(Work instruction): Apart from the pictures, which must be omitted, restate the data exactly.

(Information supplied):
· · ·
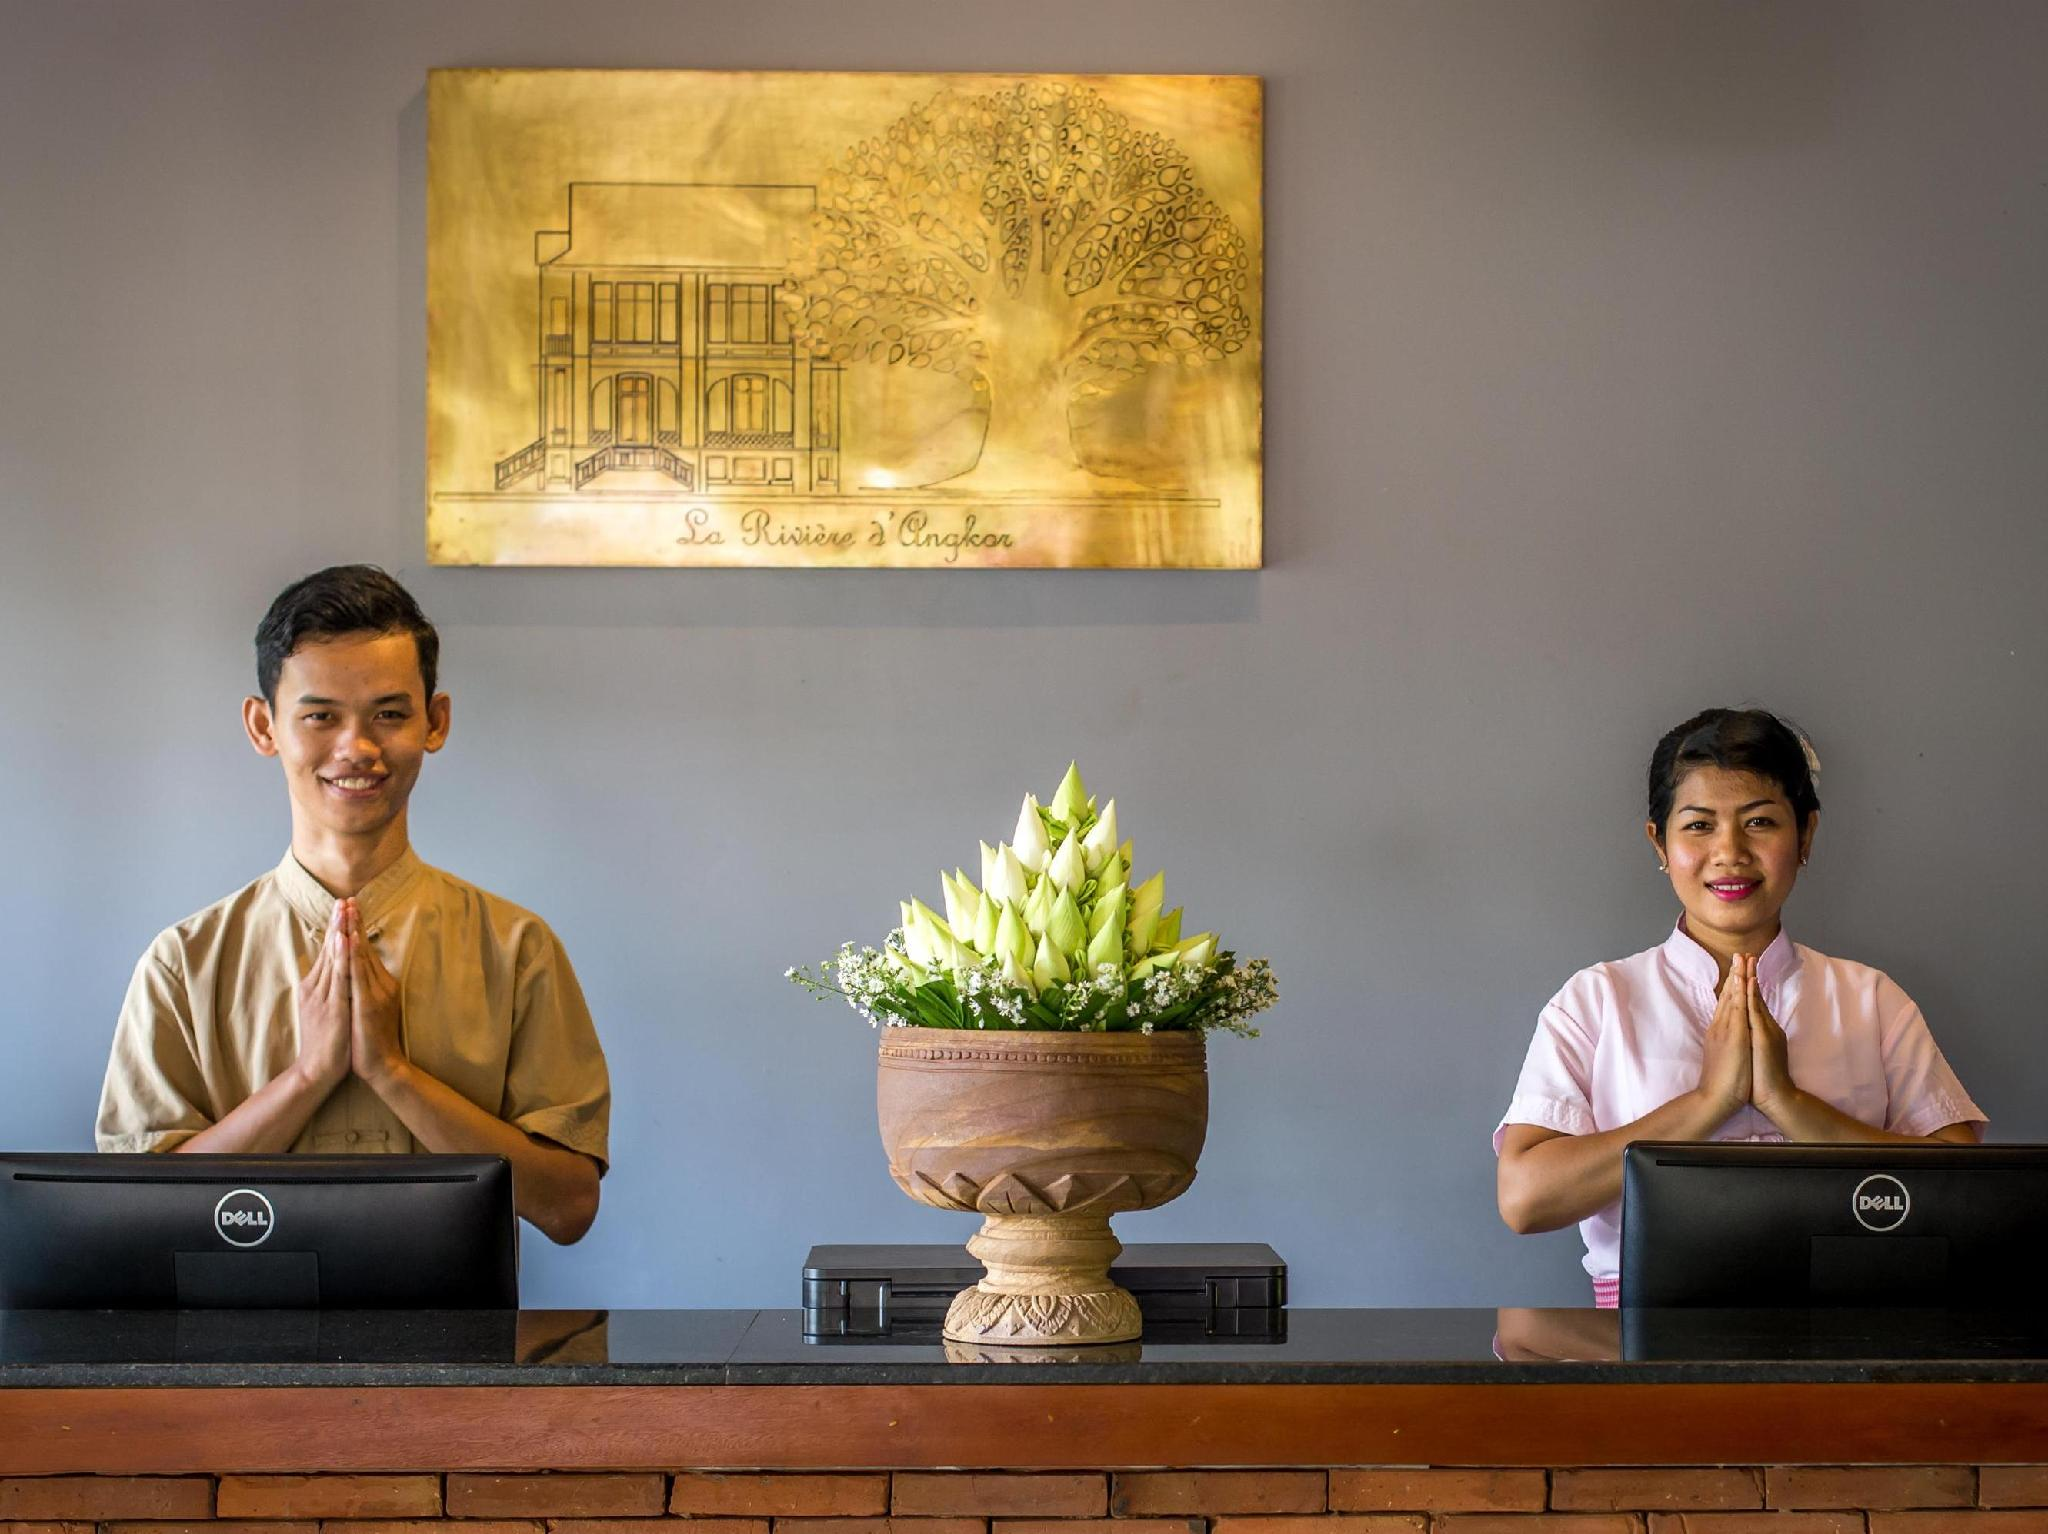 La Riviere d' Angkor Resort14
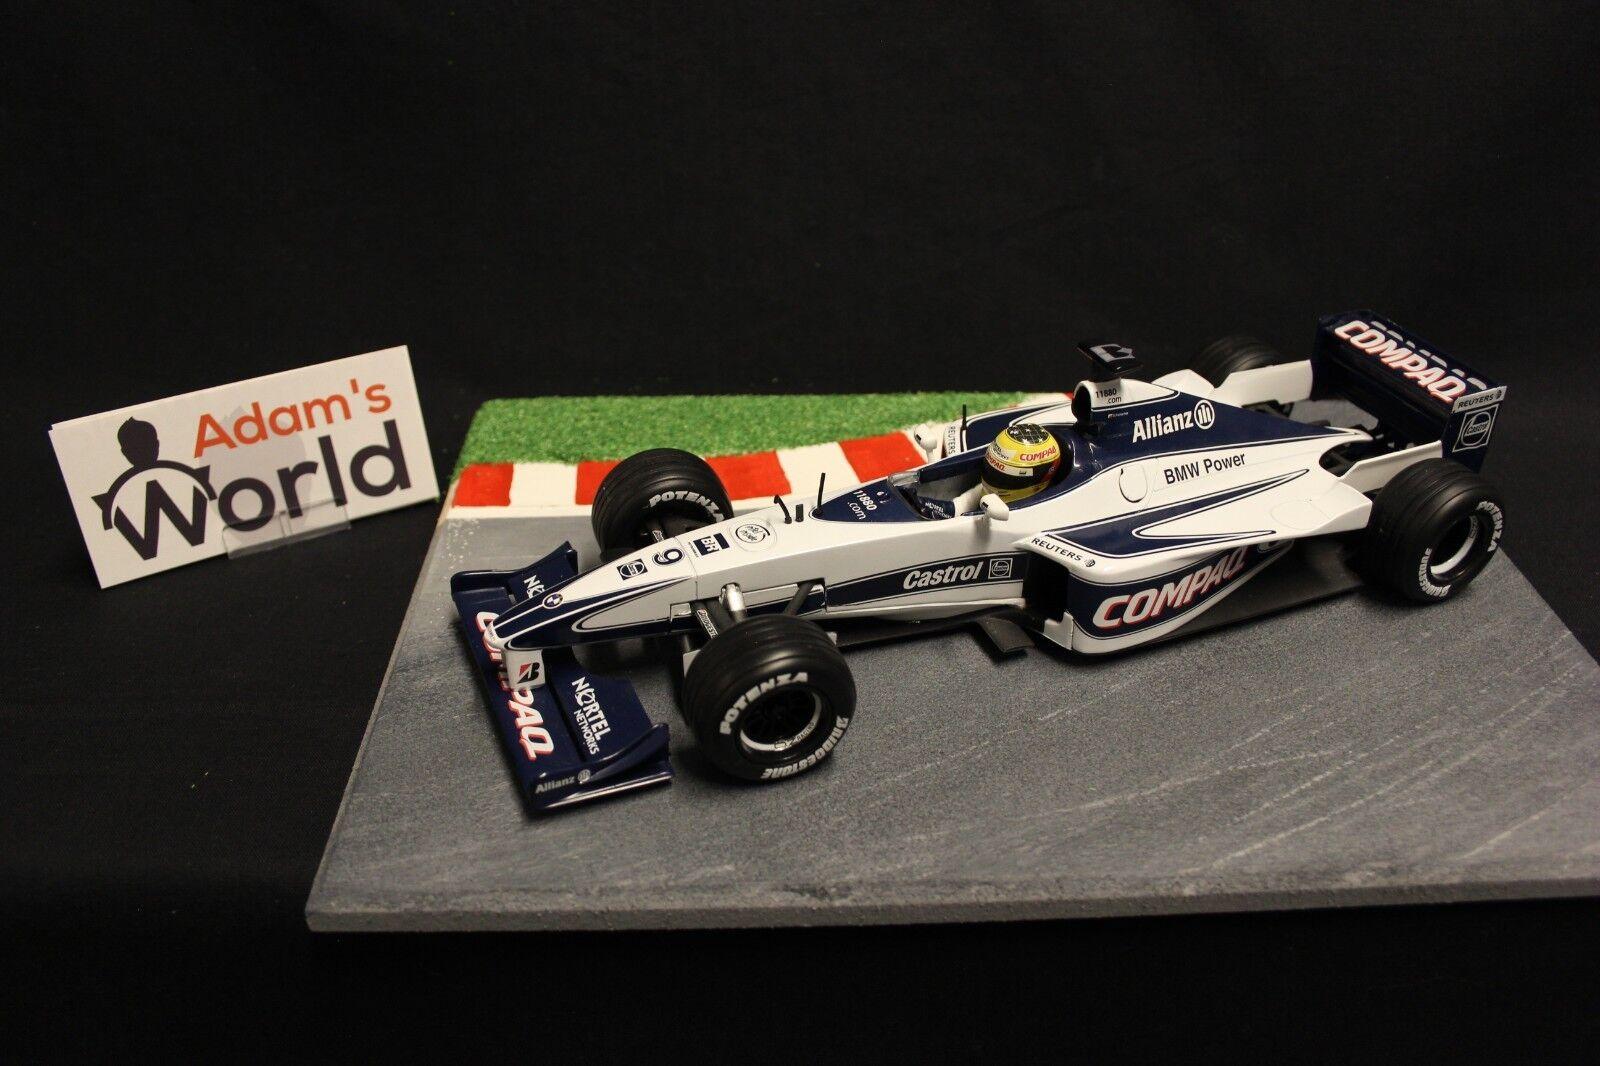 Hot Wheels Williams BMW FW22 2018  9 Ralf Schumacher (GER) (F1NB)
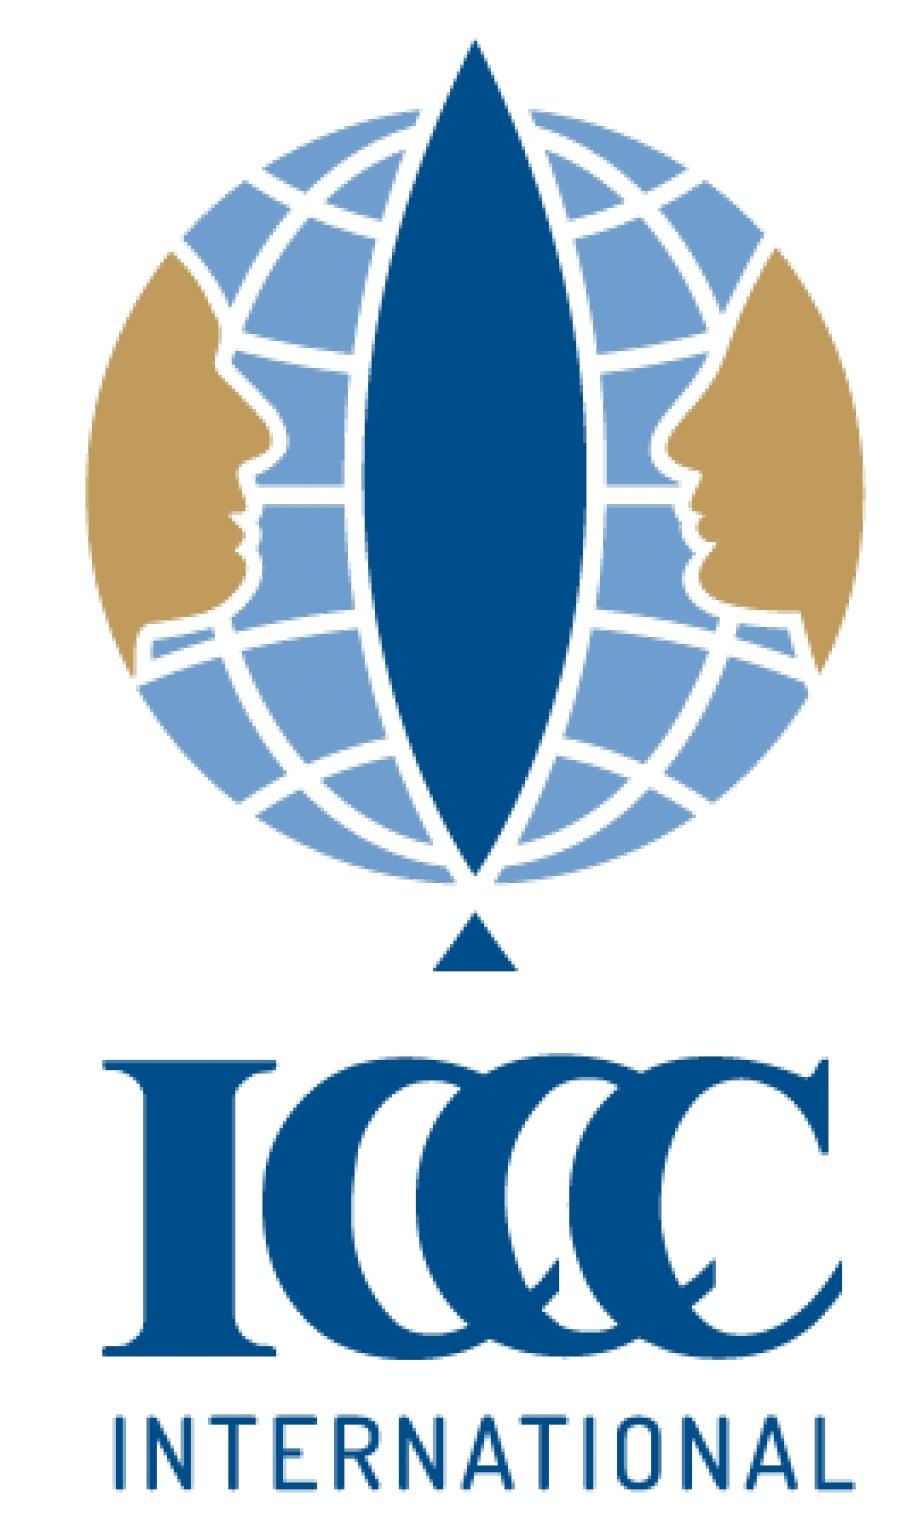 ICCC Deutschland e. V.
· · ·
(Answer below):
 La Riviere d' Angkor Resort14
 Hot Wheels Williams BMW FW22 2018  9 Ralf Schumacher (GER) (F1NB)
 ICCC Deutschland e. V.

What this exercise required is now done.